Se desvela el secreto de qué faraónica obra se realiza en Atocha desde hace cinco años: en el centro de la plaza, frente a la estación, se erigirá un monolito de cristal de once metros de altura y ocho de ancho como recordatorio a las víctimas de los atentados del 11-M. Las obras comenzaron antes de los atentados, pero como nadie parece prestarle atención lo dejamos de lado. El Ayuntamiento y el Ministerio de Fomento han seleccionando el proyecto de Fresco Aroma de Manzana.
Fresco Aroma de Manzana, FAM, son Esaú Acosta, Mauro Gil-Fournier, Mikel Jaenike y Pedro Colón de Carvajal. Su propuesta es un promontorio formado por 15 mil placas de un vidrio especial tranparente y de perfil irregular como el de ciertas cristalizaciones de aristas asimétricas llamadas fractales. A uno le sorprende que un encargo de este tipo, tan solemne, se le encargue a algo llamado Fresco Aroma de Manzana, pero no quiero que los prejuicios vuelvan a arruinarme un artículo.
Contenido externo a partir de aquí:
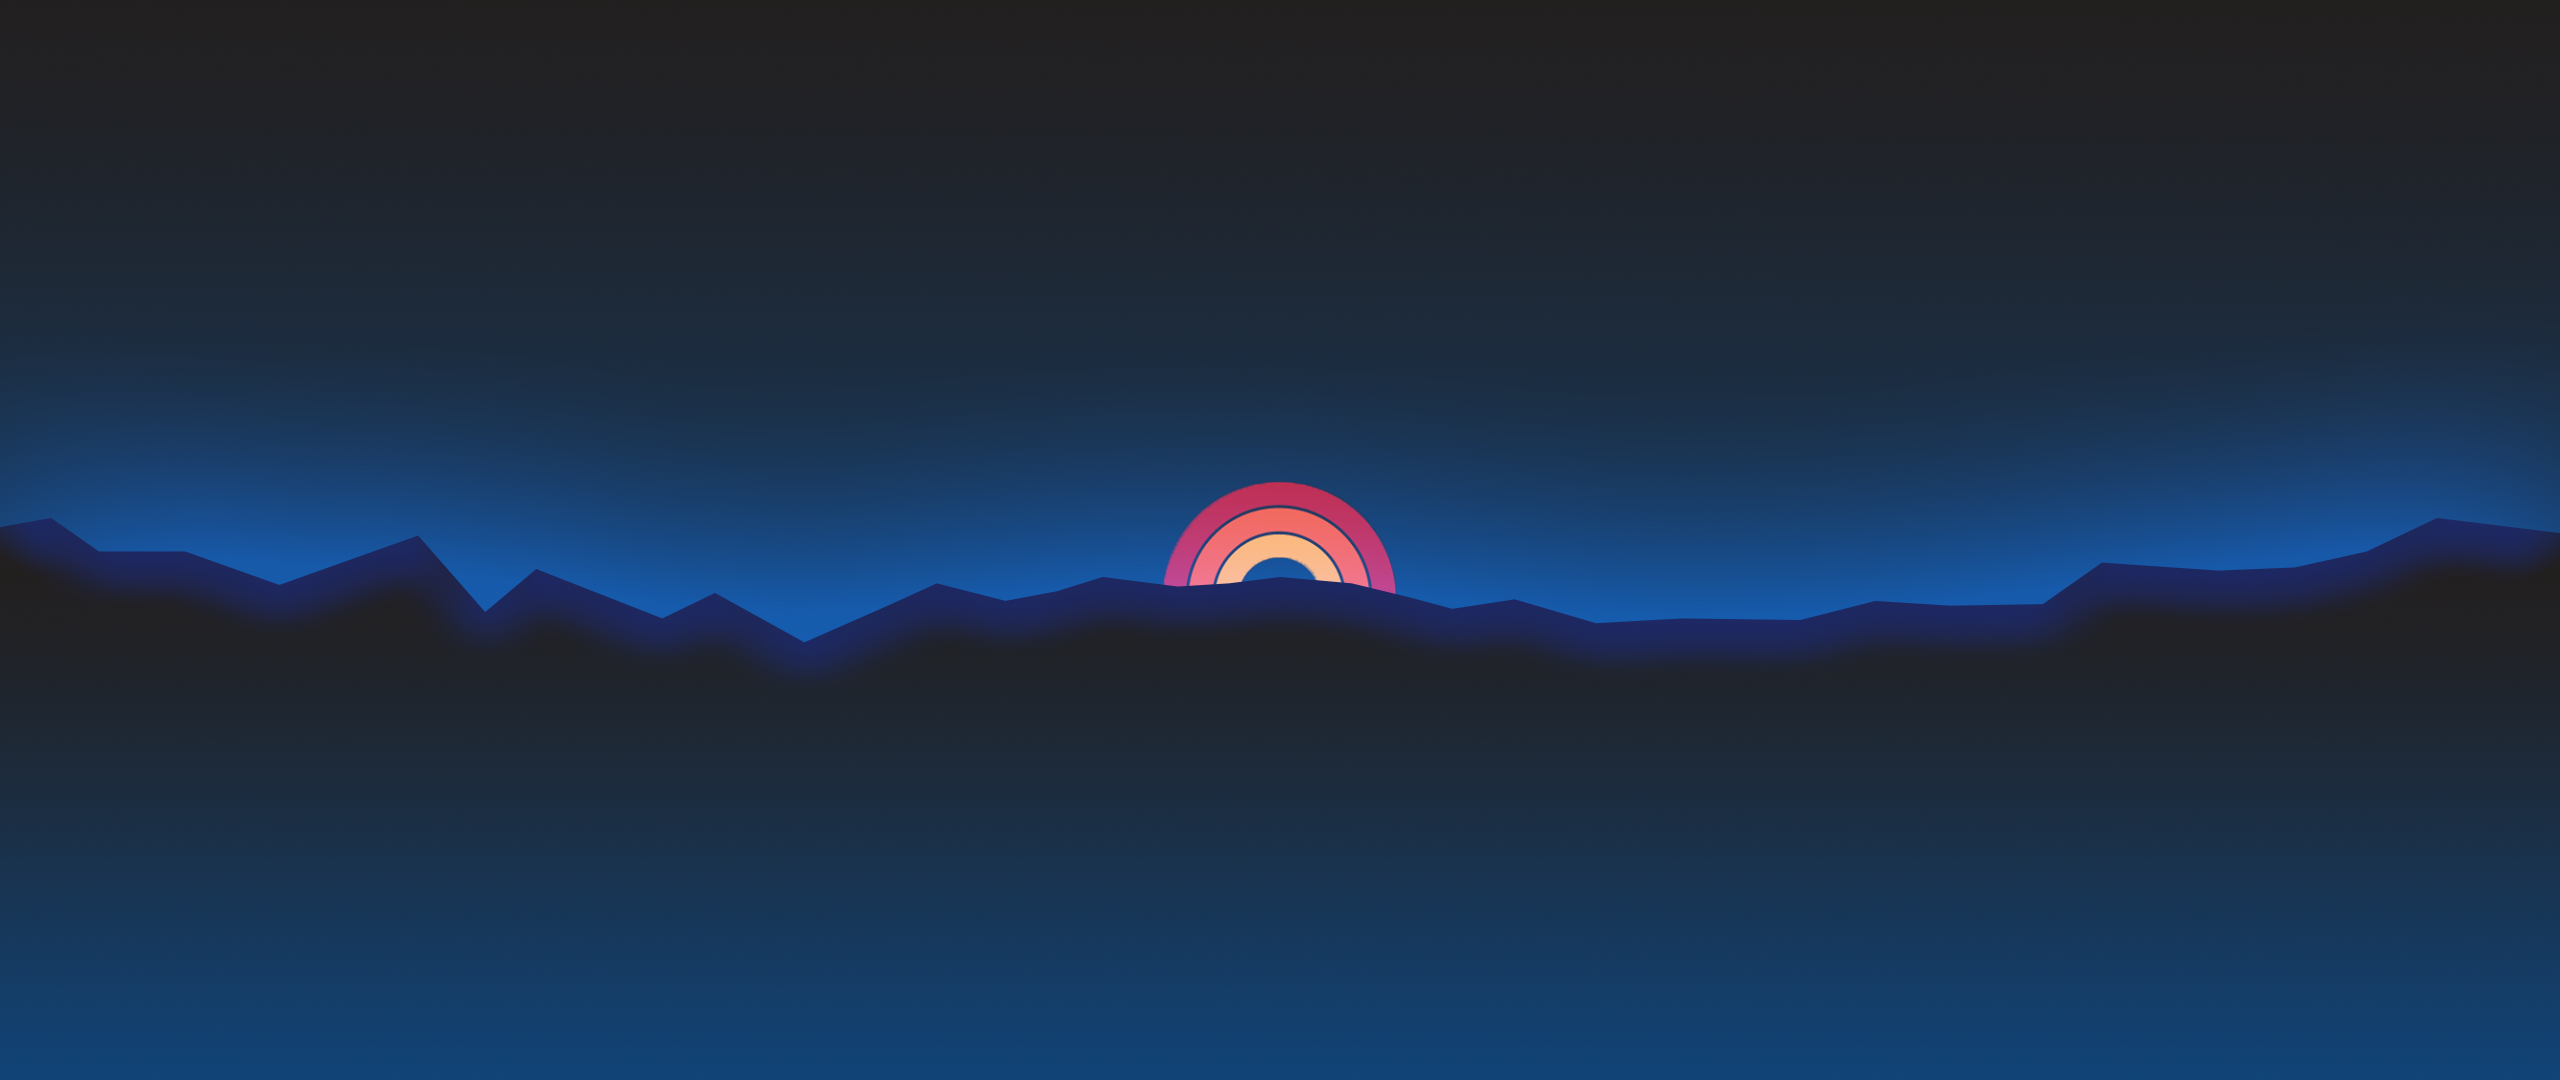 General 2560x1080 minimalism retro style neon sunset Com Truise mountains landscape ultrawide

Comenzamos la charla, una videoconference virtual imaginada.
P: Esaú, Mauro, Mikel y Pedro, cabezas visibles de FAM, ¿cuándo se terminarán las obras? Los madrileños, especialmente los afectados de forma directa, estamos un poco cansados.
FAM: En marzo de 2007. Sólo queda unir quince mil placas gigantes de vidrio con un pegamento acrílico muy sensible a la luz del sol. Quedarán encajadas por unas uniones similares a las de las piezas de un puzzle. La luz se reflejará distinto según sea el momento del día. Será guay.
C: Estar unidas por un pegamento muy sensible al sol con los días que está haciendo en Madrid, ¿no puede ser peligroso?
FAR: Son sólo 160 toneladas en total, y se asienta sobre un muro de hormigón.
C: Quizá eso explique el pifostio que hay montado. Al cruzar la calle los transeuntes juegan a adivinar cuántas grúas se divisan, para así quitar dramatismo a esquivar vallas y los vehículos que cruzan ocho carriles. Los comerciantes de la zona también aseguran estar perdiendo mucho dinero.
FAR: Es importante que comprendan que no hablamos sólo de un monolito. Es mucho más. Después de esto no habrá calle que cruzar, sino que se pasará por un túnel subterráneo que desembocará en la enorme sala desde la que se ve el monumento.
P: ¿Una sala? ¿Subterránea? ¿Cuánto de enorme? ¿Cuánto de subterránea?
FAR: Cuatrocientos metros cuadrados de extensión y cuatro metros debajo de la superficie. Ahi, como criaturas del subsuelo, la gente verá a quince metros de altura la "la bóveda monumental".
Aunque me callo, pienso que no me será evocador contemplar nada mientras millones de humeantes coches ruedan por encima de mí. Pero suavizo un poco las cosas.
P: En realidad no estoy demasiado de acuerdo con este tipo de construcciones conmemorativas, como ésta o el Bosque del Recuerdo...
La comparación no les gusta. Uno de ellos amenaza con abandonar la videoconference.
FAR: Esto no tiene nada que ver. Con nada. Con ver. Mientras alzas la mirada y recorres su belleza podrás leer las más expresivas frases que los madrileños dejaron en la estación los días posteriores a la matanza. Escritas en letras plateadas, permanecerán fijadas al vidrio "por succión".
Desconozco qué quiere decir con "por succión", pero puedo preguntárselo a un amigo ingeniero. Así que cambio de tema.
C: Ya para terminar... ¿El hecho de ser un monolito gigante de vidrio con una transparecia estimada del 97% no dificultará su limpieza? ¿Sus destellos e iridiscencias no se verán afectados por vehículos o animales urbanos?. ¿Han pensado ya en algo?
FAR: Un sistema de autolimpieza y otro externo, colector de las aguas de lluvia, asegura que siempre permanecerá radiante. Por algo nos llamamos Fresco Aroma de Manzana. Por otra parte, sabemos que en Madrid plantear cuestiones como autolimpieza y reciclado de aguas suena a chiste, por lo que creemos será mejor concluir la entrevista. En realidad no es justo que hable en plural: mis otros tres compañeros se marcharon hace un rato y yo ni siquiera he acudido a la reunión. Así que nada, a conseguir un poco de alita de mosca.
Con un sentido apretón de manos virtual termina la conversación, no sin antes despedirme con uno de guiños cómplices.